*Your objective*.
Give all the lines below again, exactly, with no pictures.

*The data*.
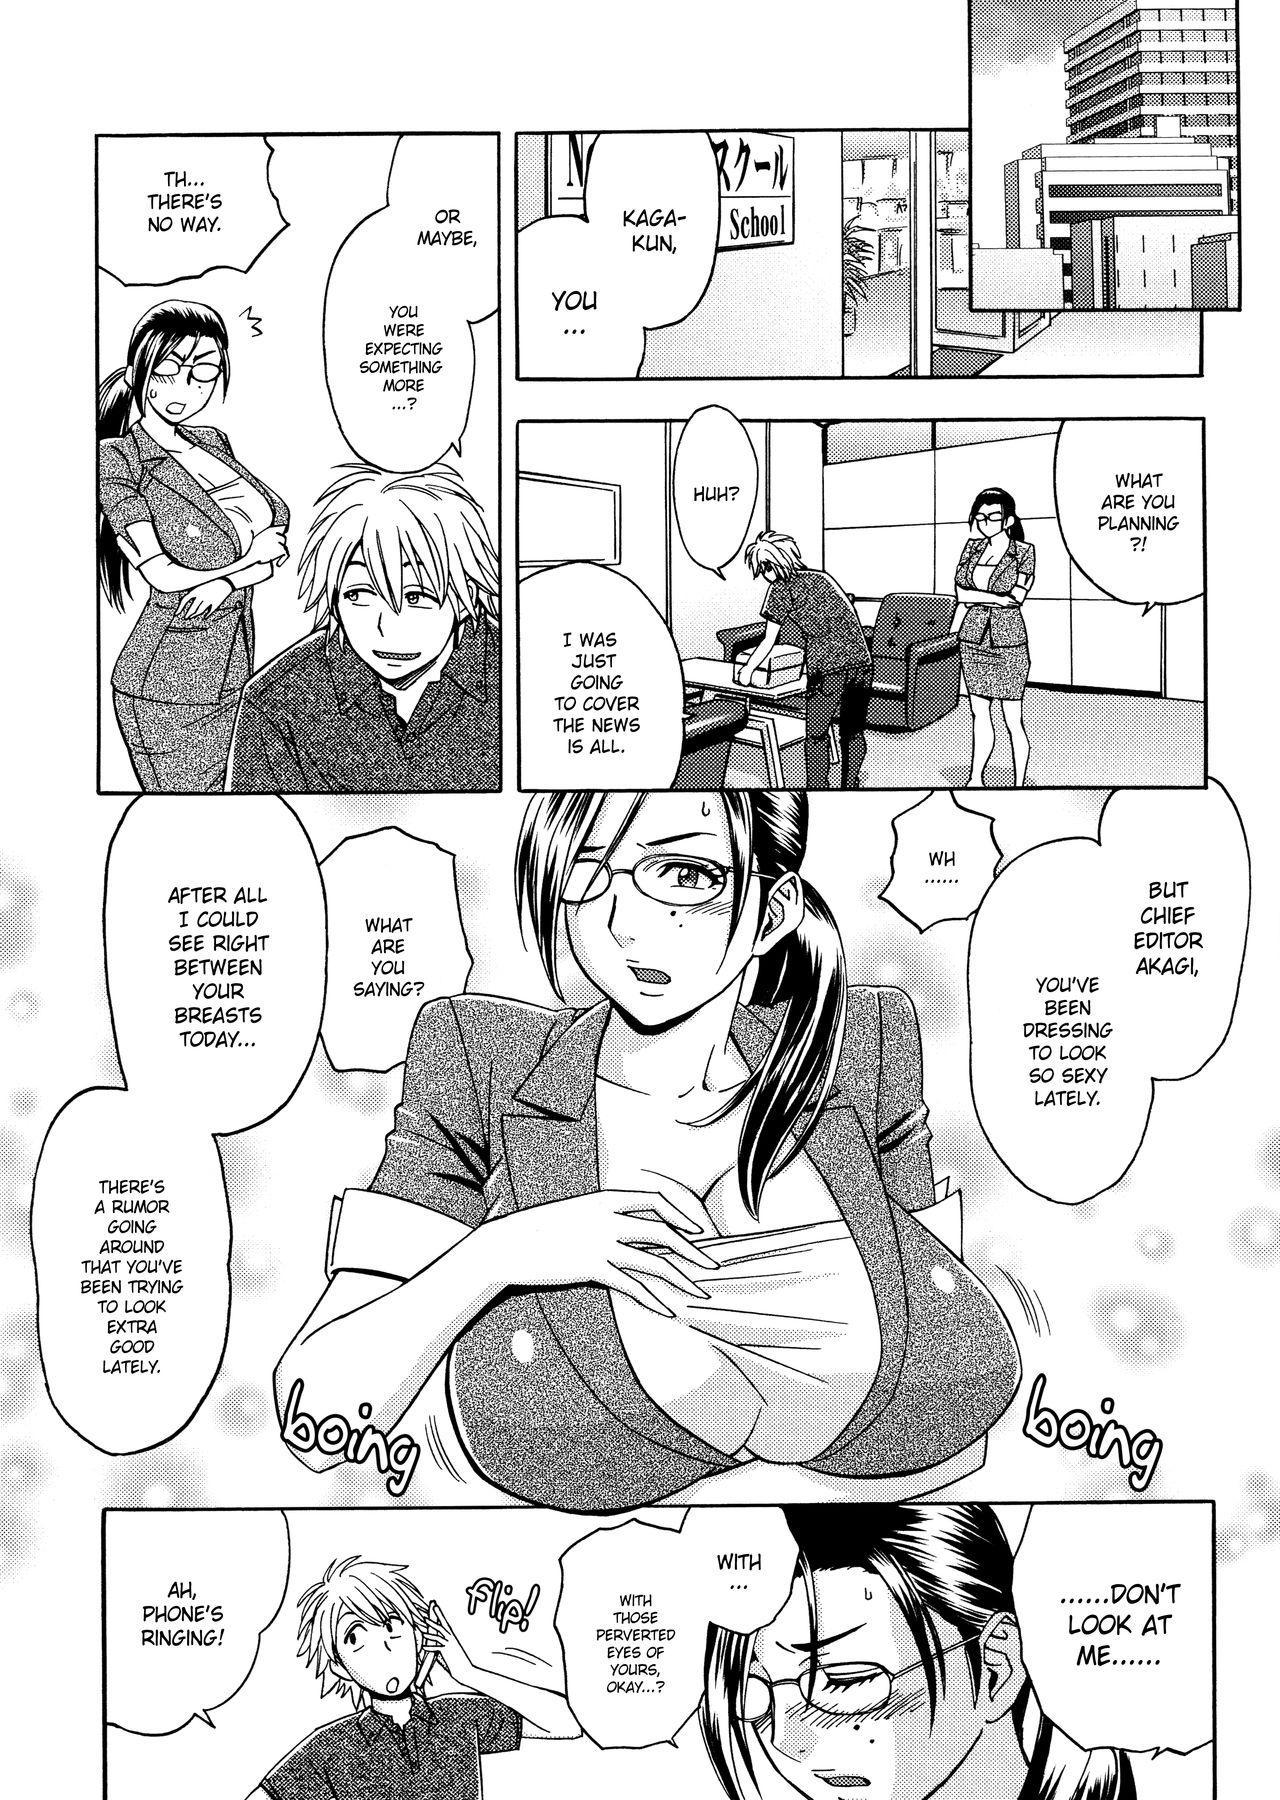 [Tatsunami Youtoku, Yamazaki Masato] Bijin Henshuu-chou no Himitsu | Beautiful Editor-in-Chief's Secret Ch. 1-5 [English] [Forbiddenfetish77, Red Vodka, Crystalium] [Decensored] 28
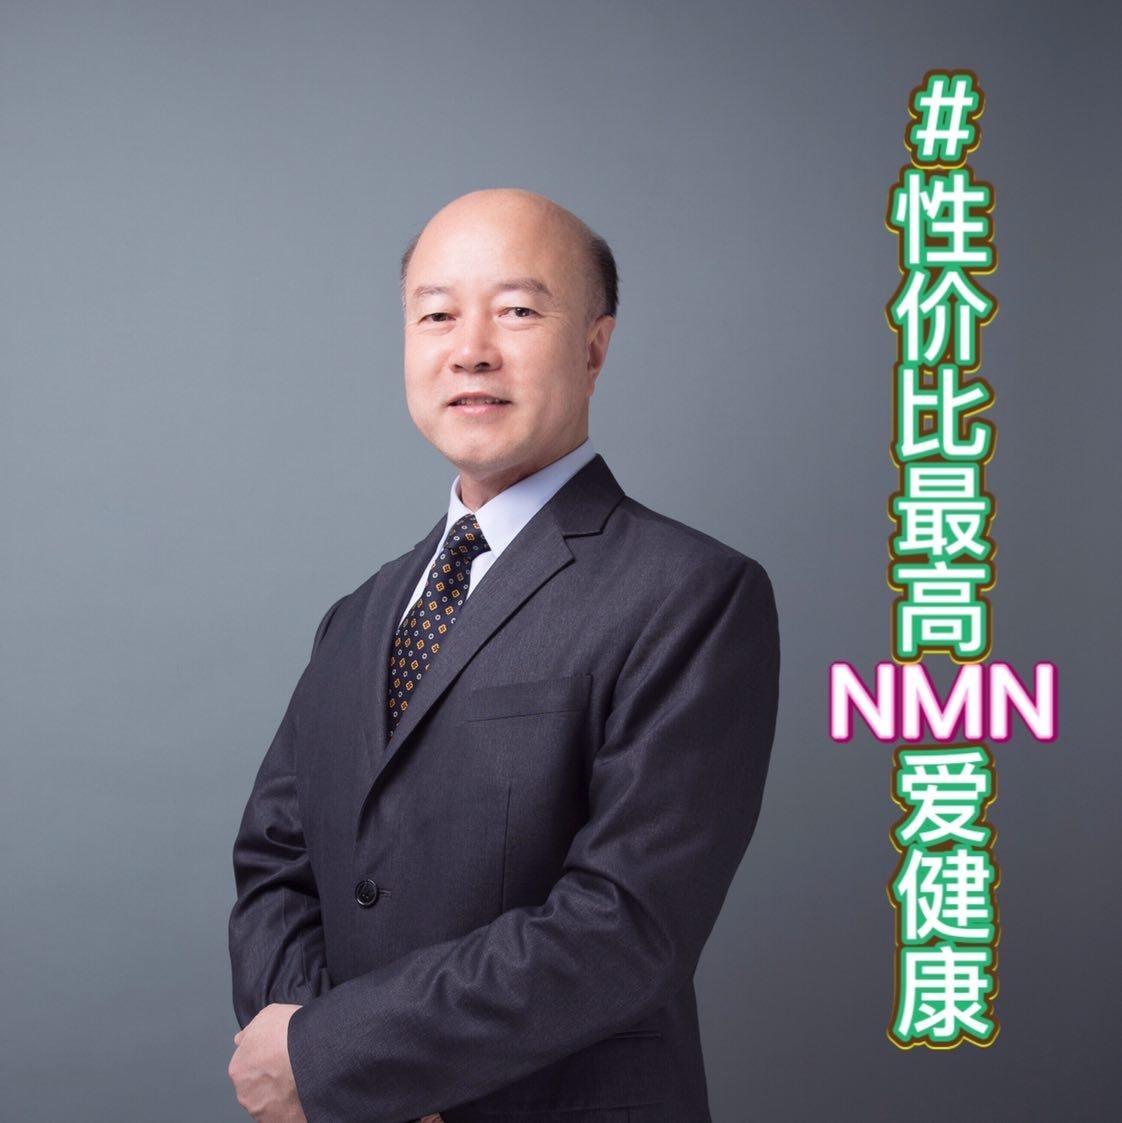 iHealth爱健康NMN
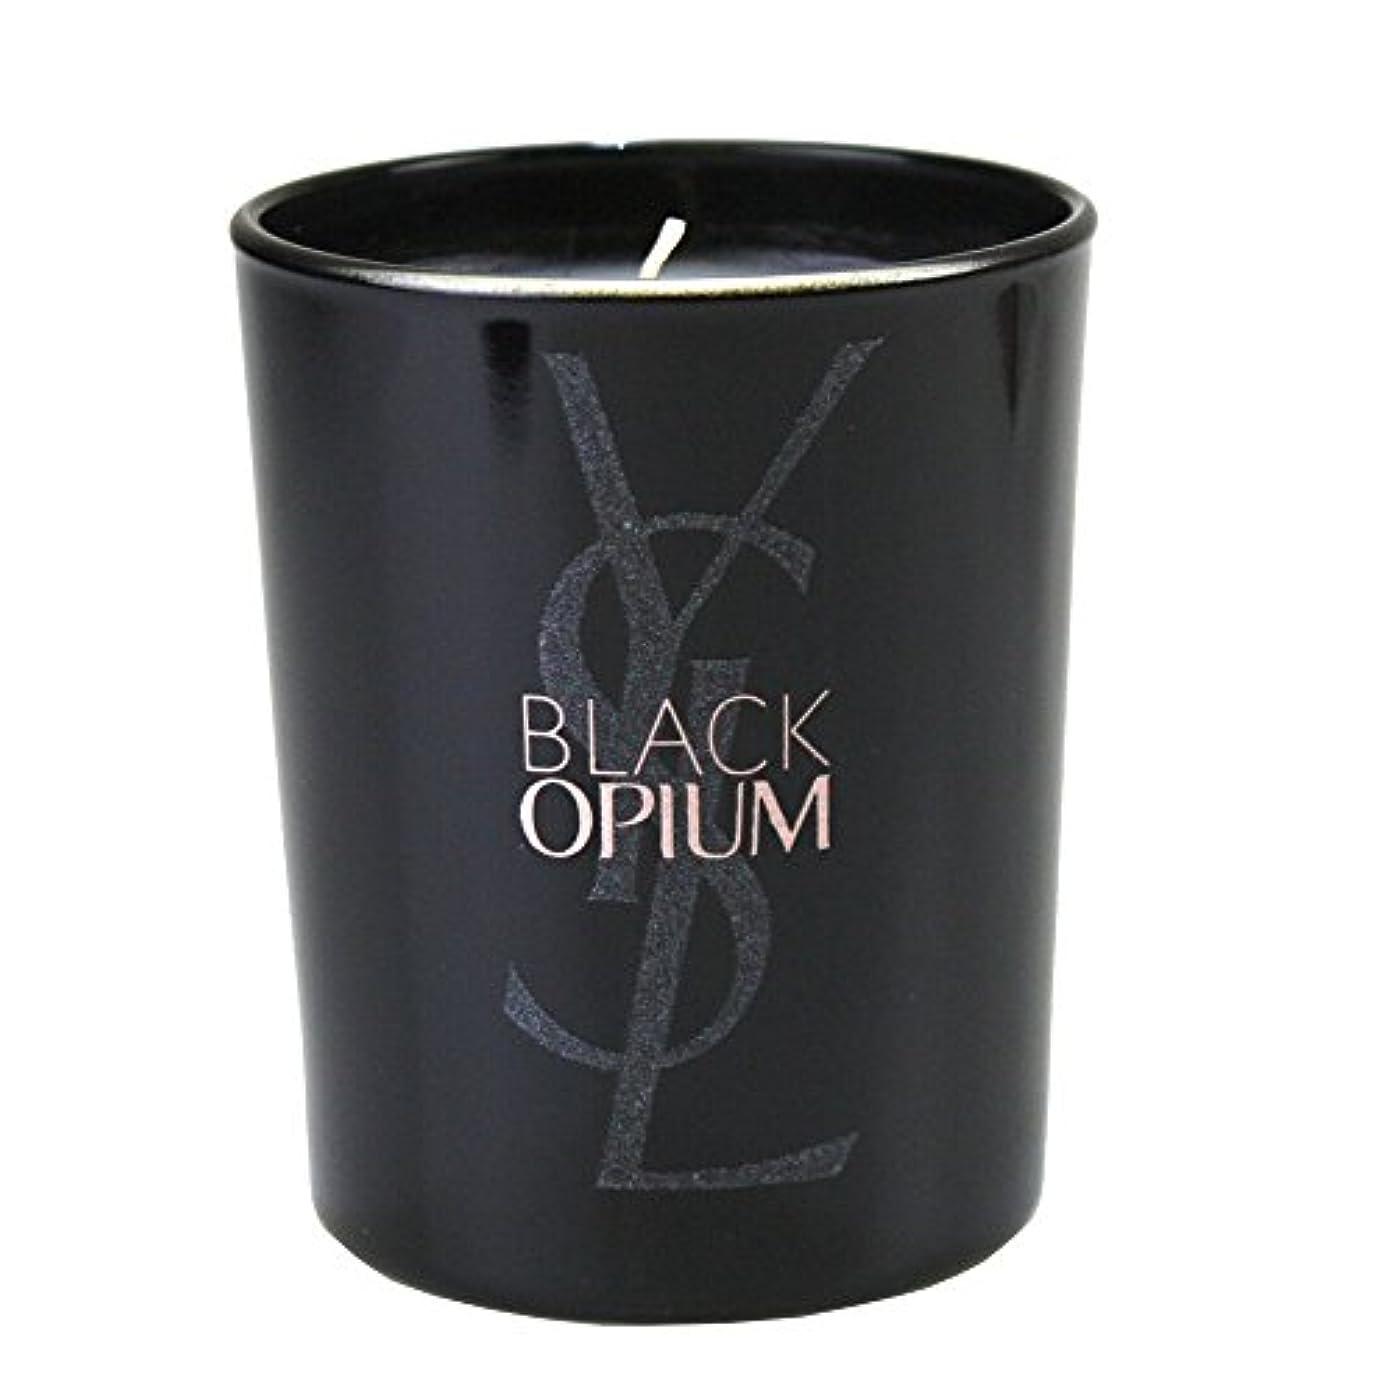 物語小説家とらえどころのない(イヴ サンローラン) Yves saint Laurent アロマキャンドル パリジェンヌ BLACK OPIUM 化粧 メイク コスメ ロゴ 黒 ブラック フルーティー フローラル コーヒー ジャスミンティーペタル
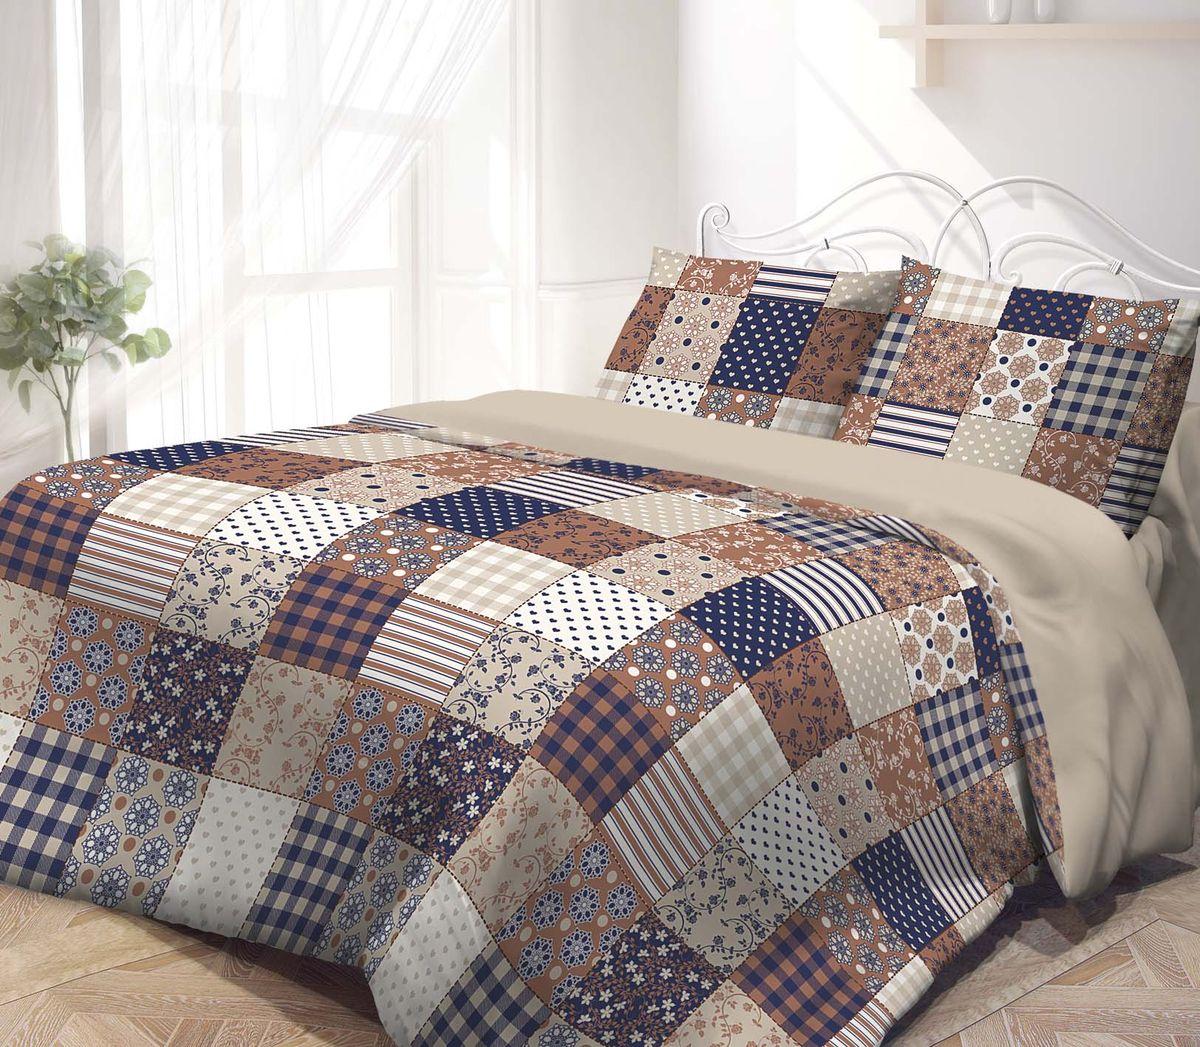 Комплект белья Гармония, 1,5-спальный, наволочки 50х70, цвет: синий, коричневый193252Комплект постельного белья Гармония является экологически безопасным, так как выполнен из поплина (100% хлопка). Комплект состоит из пододеяльника, простыни и двух наволочек. Постельное белье оформлено орнаментом в клетку и имеет изысканный внешний вид. Постельное белье Гармония - лучший выбор для современной хозяйки! Его отличают демократичная цена и отличное качество. Поплин мягкий и приятный на ощупь. Кроме того, эта ткань не требует особого ухода, легко стирается и прекрасно держит форму. Высококачественные красители, которые используются при производстве постельного белья, сохраняют свой цвет даже после многочисленных стирок.

*Your response*.
 [Tatsunami Youtoku, Yamazaki Masato] Bijin Henshuu-chou no Himitsu | Beautiful Editor-in-Chief's Secret Ch. 1-5 [English] [Forbiddenfetish77, Red Vodka, Crystalium] [Decensored] 28
 iHealth爱健康NMN
 物語小説家とらえどころのない(イヴ サンローラン) Yves saint Laurent アロマキャンドル パリジェンヌ BLACK OPIUM 化粧 メイク コスメ ロゴ 黒 ブラック フルーティー フローラル コーヒー ジャスミンティーペタル
 Комплект белья Гармония, 1,5-спальный, наволочки 50х70, цвет: синий, коричневый193252Комплект постельного белья Гармония является экологически безопасным, так как выполнен из поплина (100% хлопка). Комплект состоит из пододеяльника, простыни и двух наволочек. Постельное белье оформлено орнаментом в клетку и имеет изысканный внешний вид. Постельное белье Гармония - лучший выбор для современной хозяйки! Его отличают демократичная цена и отличное качество. Поплин мягкий и приятный на ощупь. Кроме того, эта ткань не требует особого ухода, легко стирается и прекрасно держит форму. Высококачественные красители, которые используются при производстве постельного белья, сохраняют свой цвет даже после многочисленных стирок.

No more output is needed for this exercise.